◆ Exercise objective:
Exclude the pictures, then repeat the remaining data exactly.
== Information provided
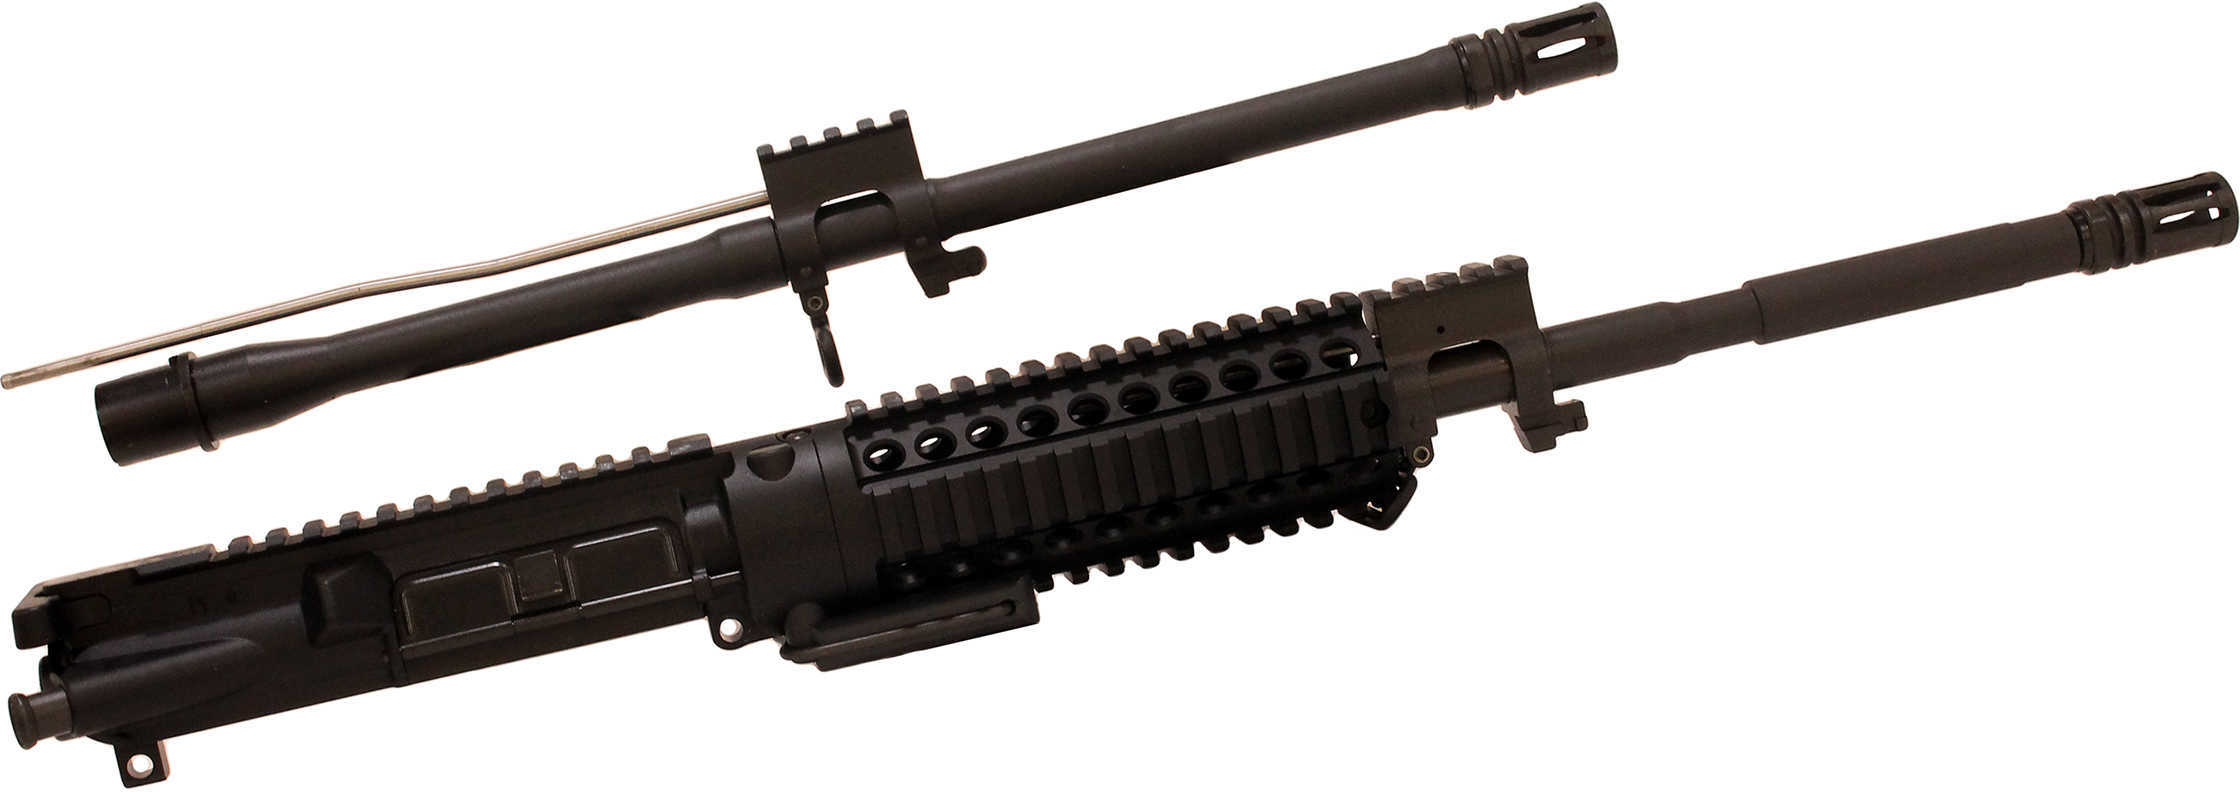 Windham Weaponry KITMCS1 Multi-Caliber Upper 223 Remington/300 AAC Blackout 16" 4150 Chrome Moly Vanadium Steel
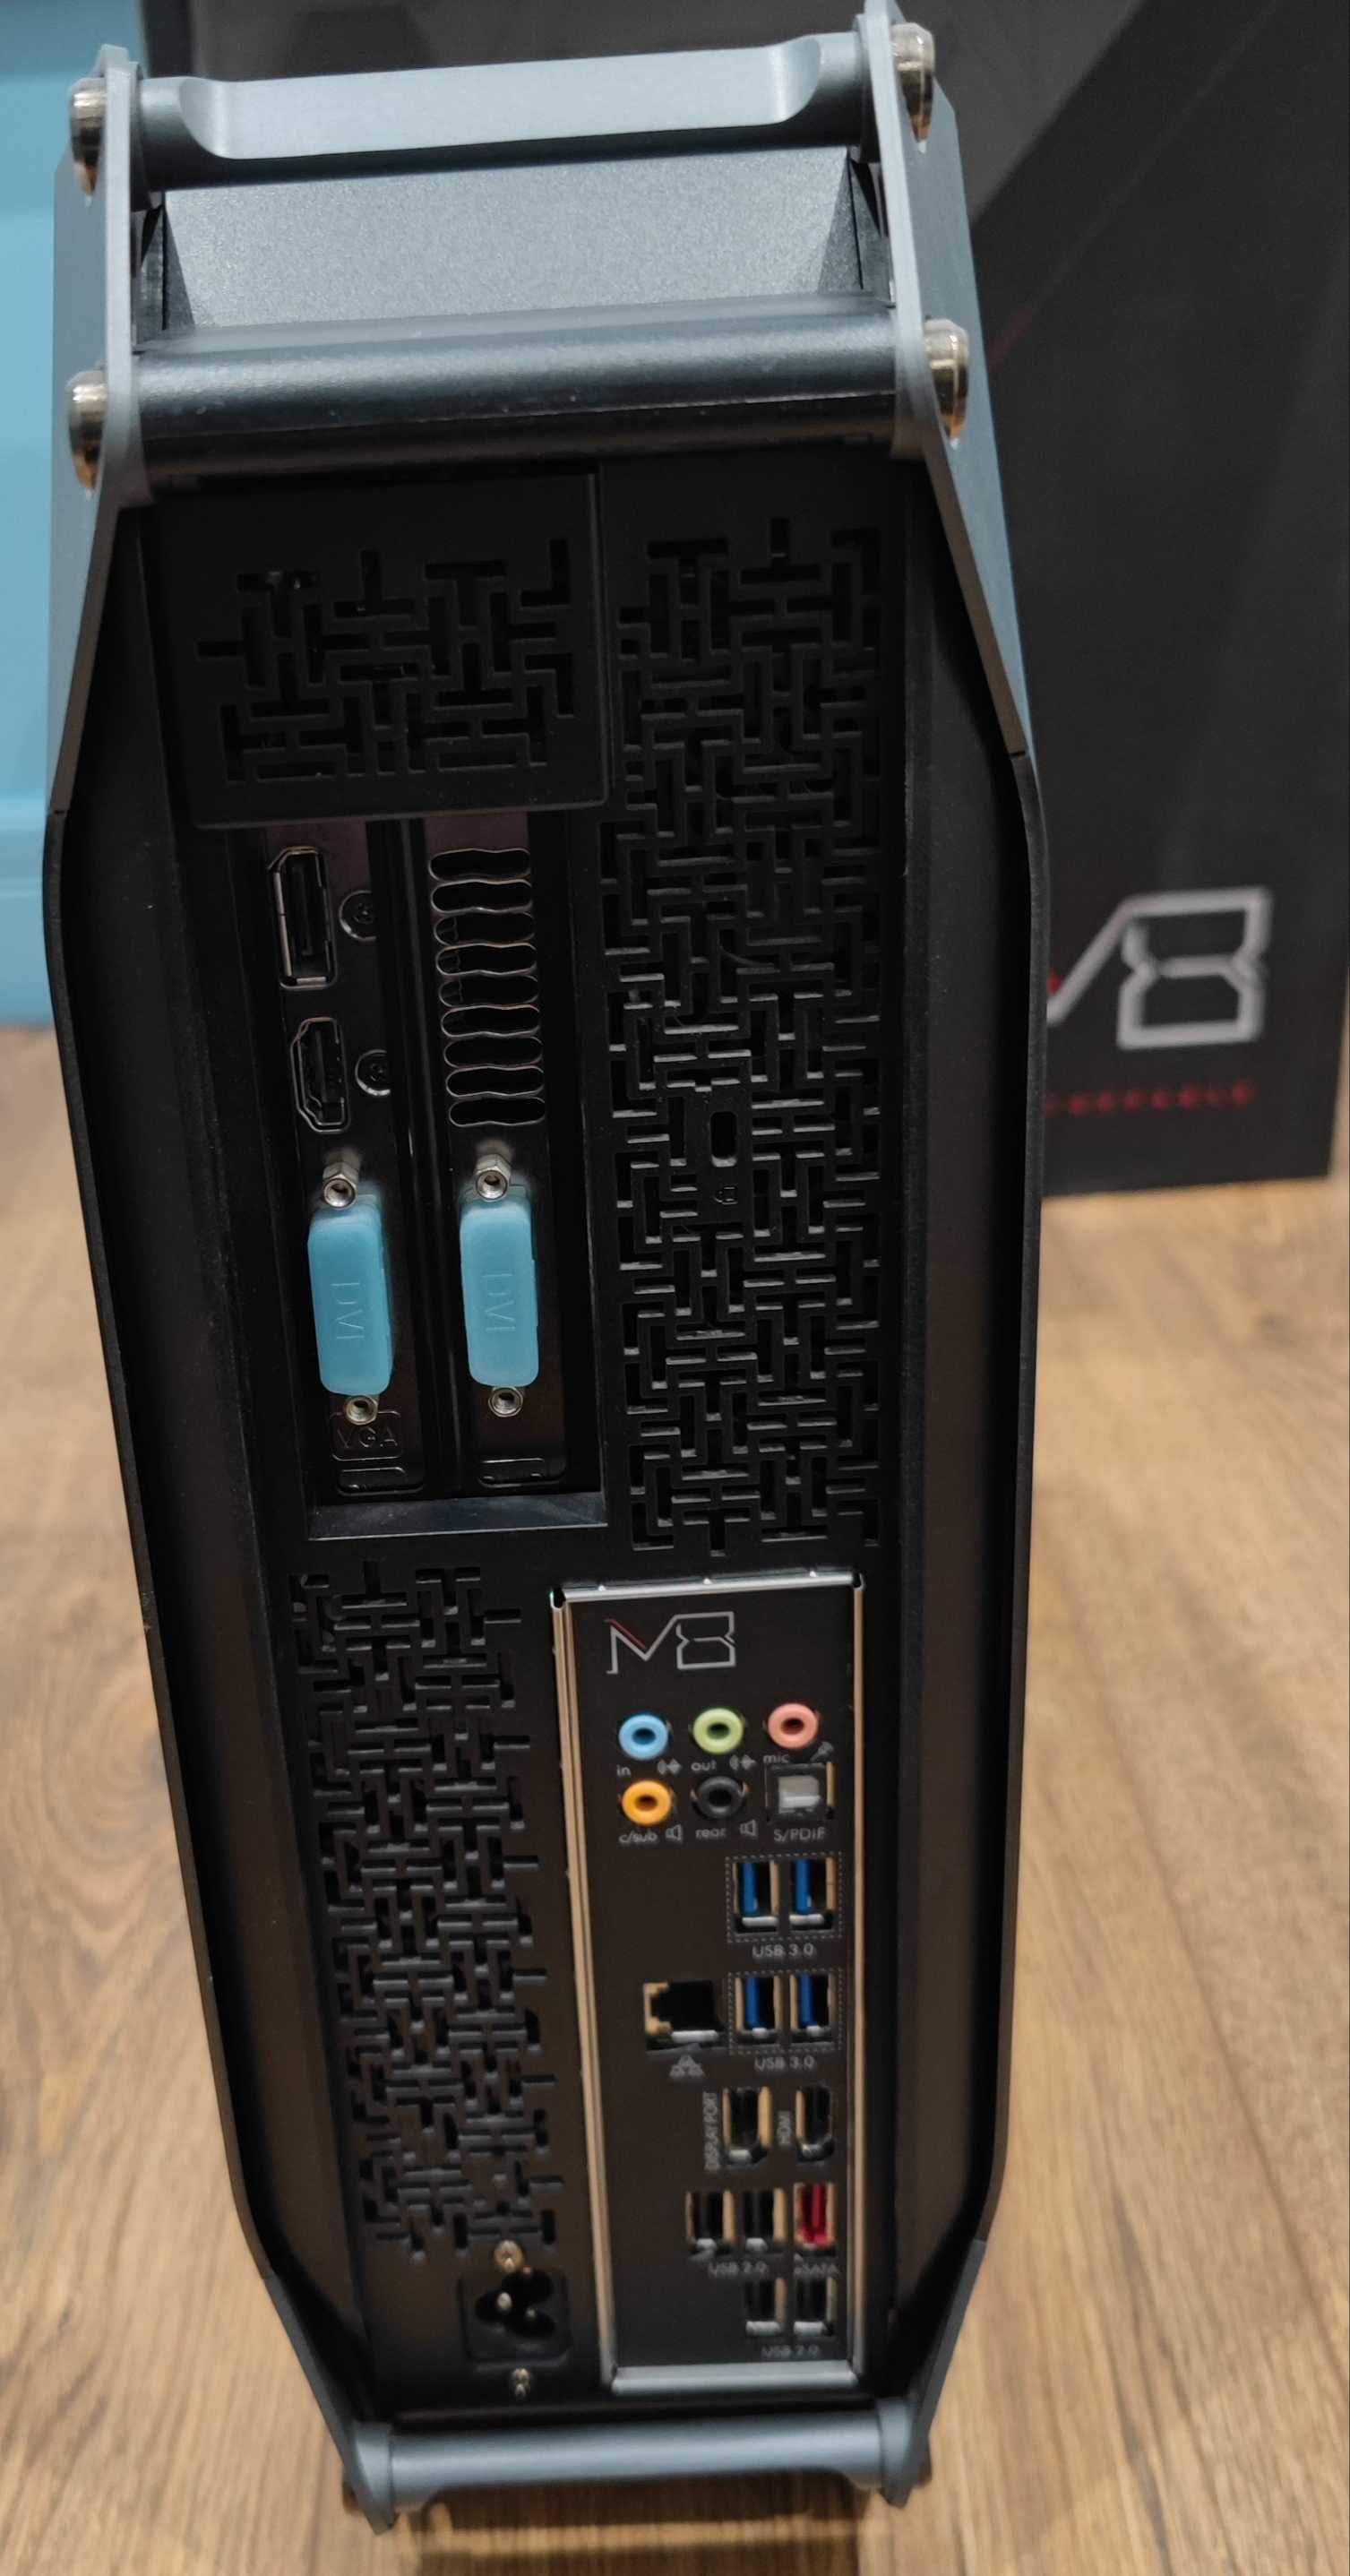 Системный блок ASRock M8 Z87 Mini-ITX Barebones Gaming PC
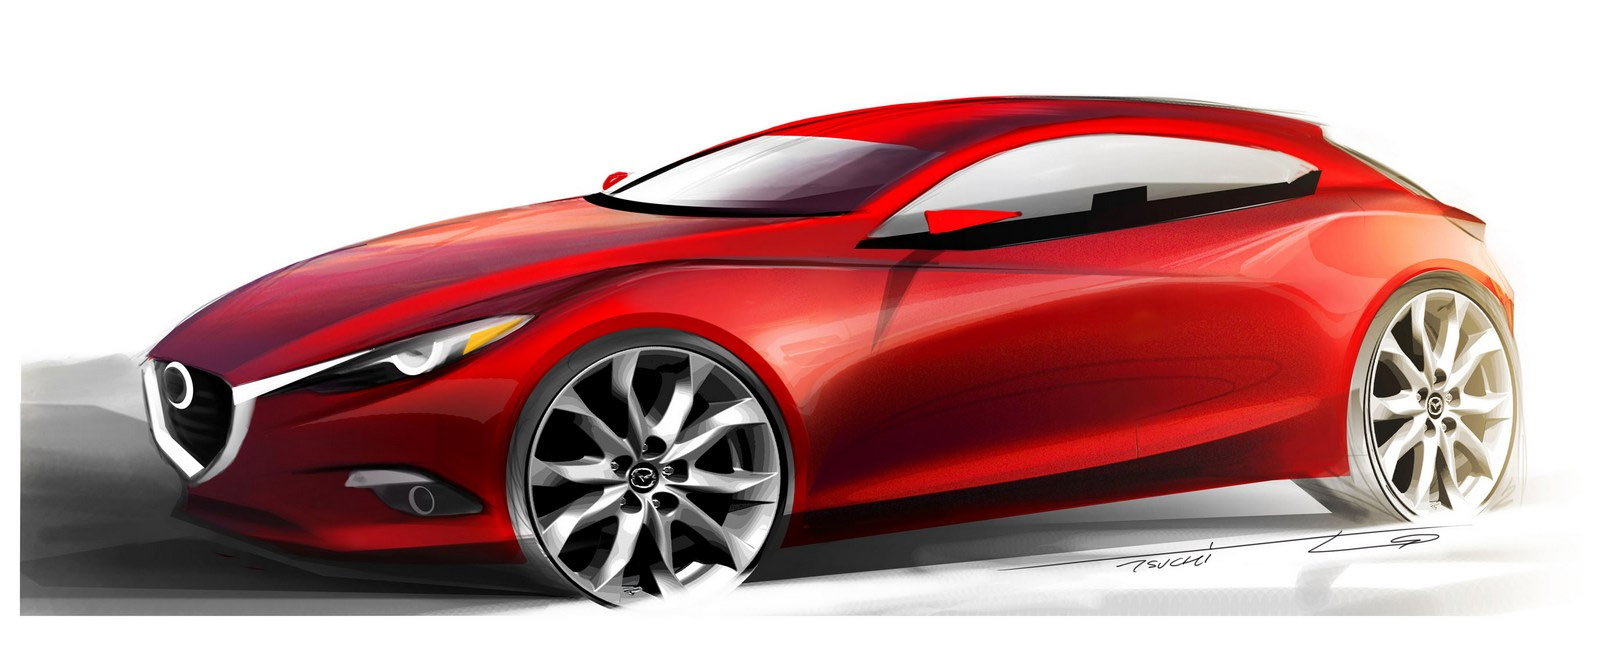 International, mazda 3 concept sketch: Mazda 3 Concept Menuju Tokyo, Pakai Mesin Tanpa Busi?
====
◆ Solution for this problem:
 Windham Weaponry KITMCS1 Multi-Caliber Upper 223 Remington/300 AAC Blackout 16" 4150 Chrome Moly Vanadium Steel
 Системный блок ASRock M8 Z87 Mini-ITX Barebones Gaming PC
 International, mazda 3 concept sketch: Mazda 3 Concept Menuju Tokyo, Pakai Mesin Tanpa Busi?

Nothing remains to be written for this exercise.